Supplied information:
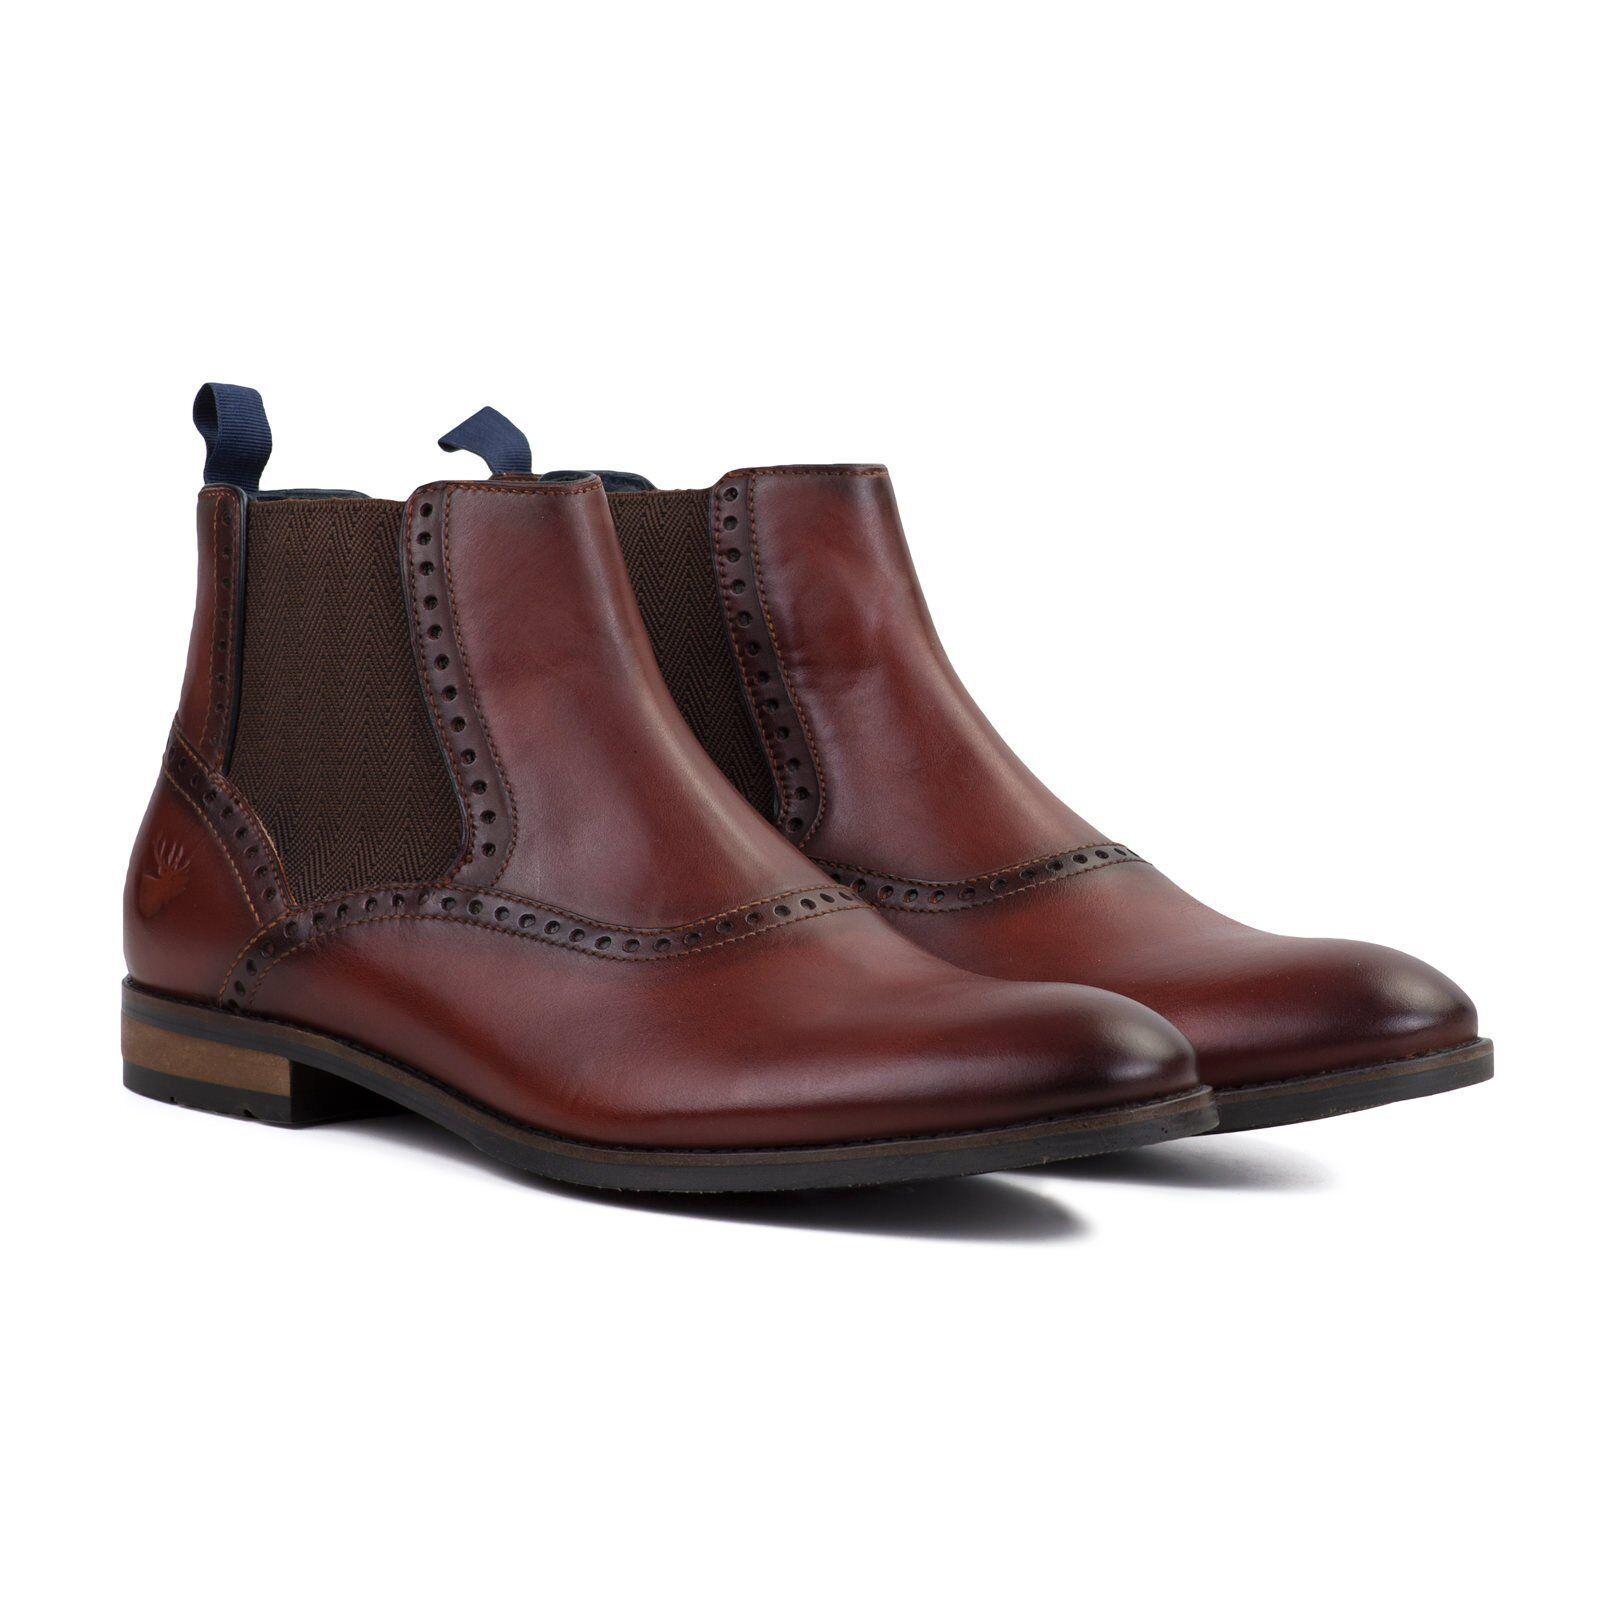 Goodwin Smith Bailey Mahogony Leather Chelsea Boots Size 8
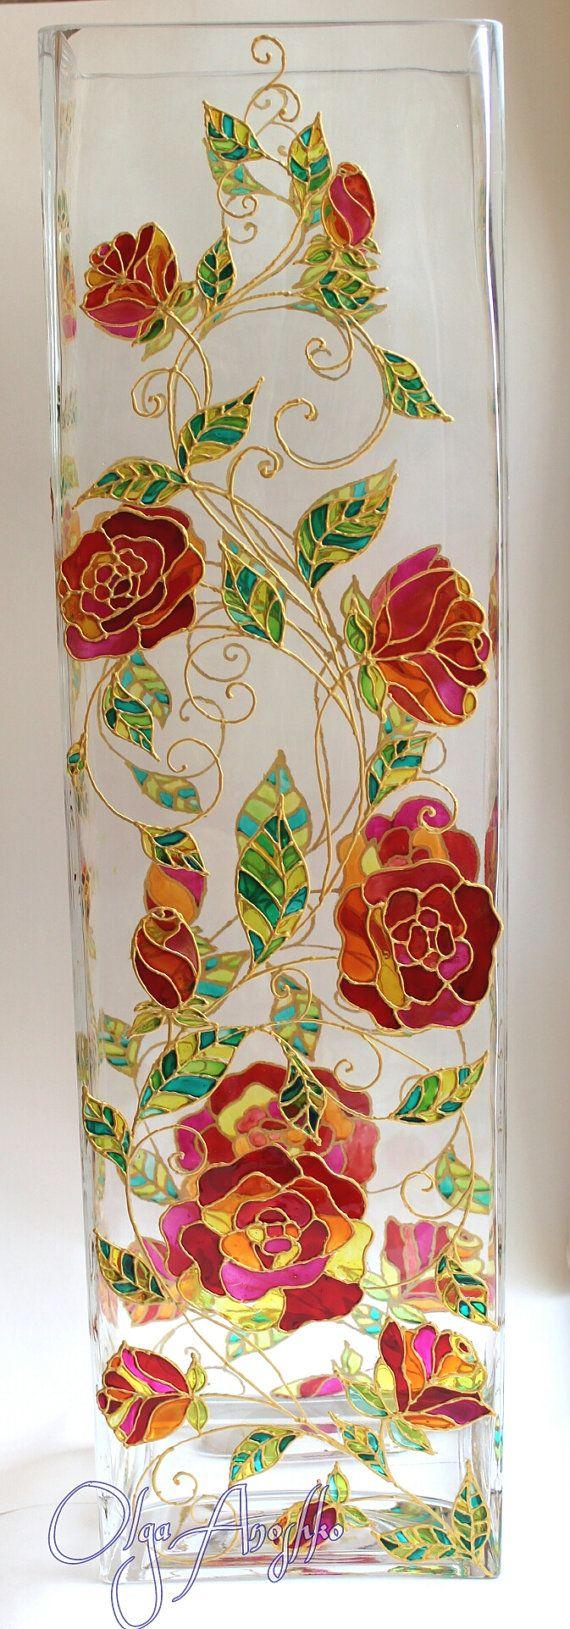 Red Flowers Vase Stained Glass Modern Vase от RomanticArtGlass
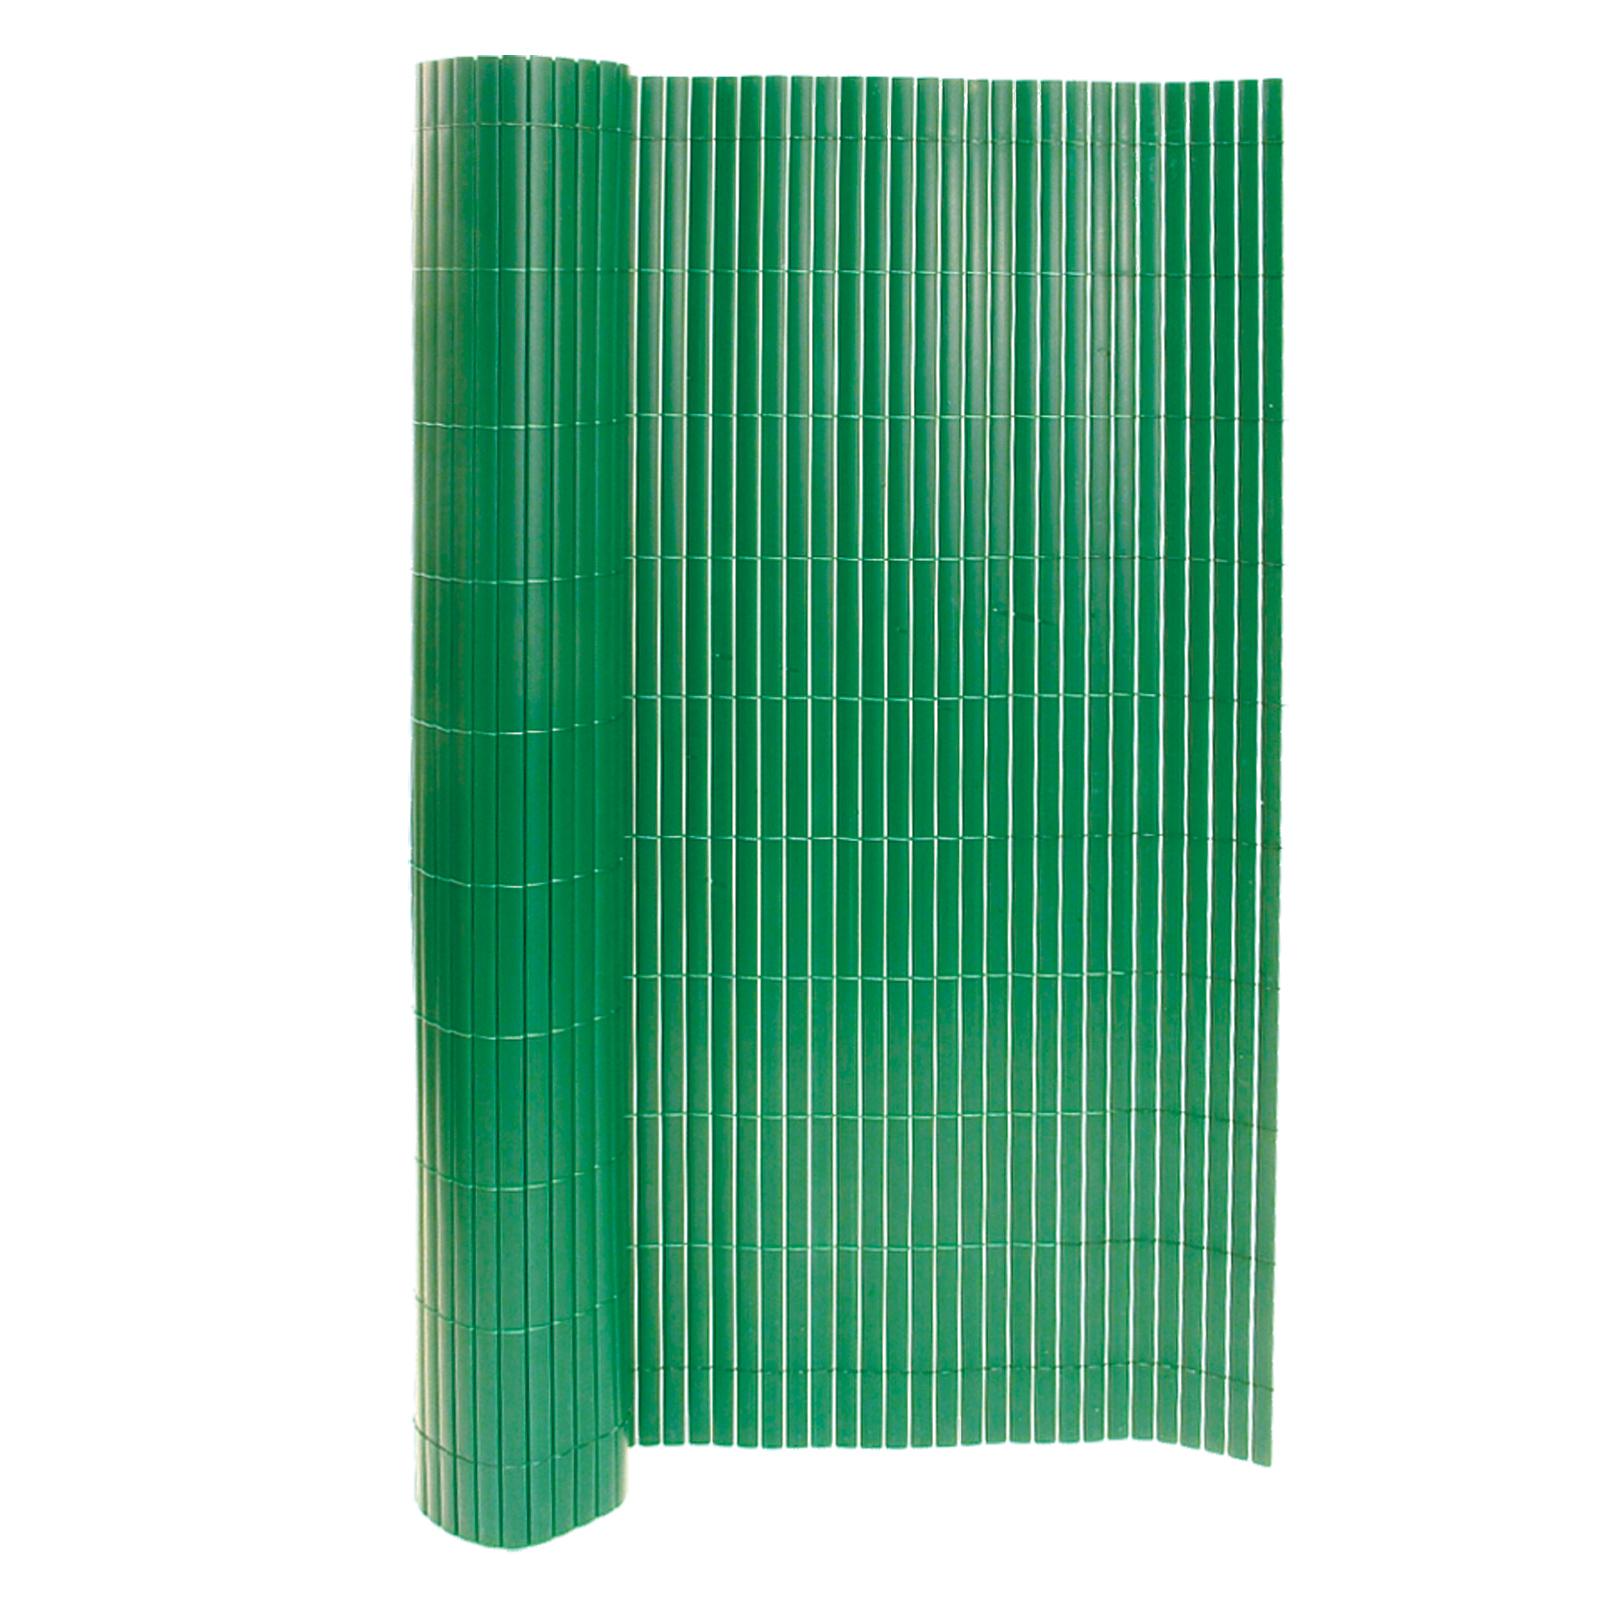 Pvc garden fence plastic panel screen double faced green 3m long pvc garden fence plastic panel screen double faced green 3m long 1m tall baanklon Gallery

What the task requires: Retype, word for word, the line containing "Red Flowers Vase" and each line after it through the end of the data, leaving any picture out.

Response box:
 Red Flowers Vase Stained Glass Modern Vase от RomanticArtGlass
 Pvc garden fence plastic panel screen double faced green 3m long pvc garden fence plastic panel screen double faced green 3m long 1m tall baanklon Gallery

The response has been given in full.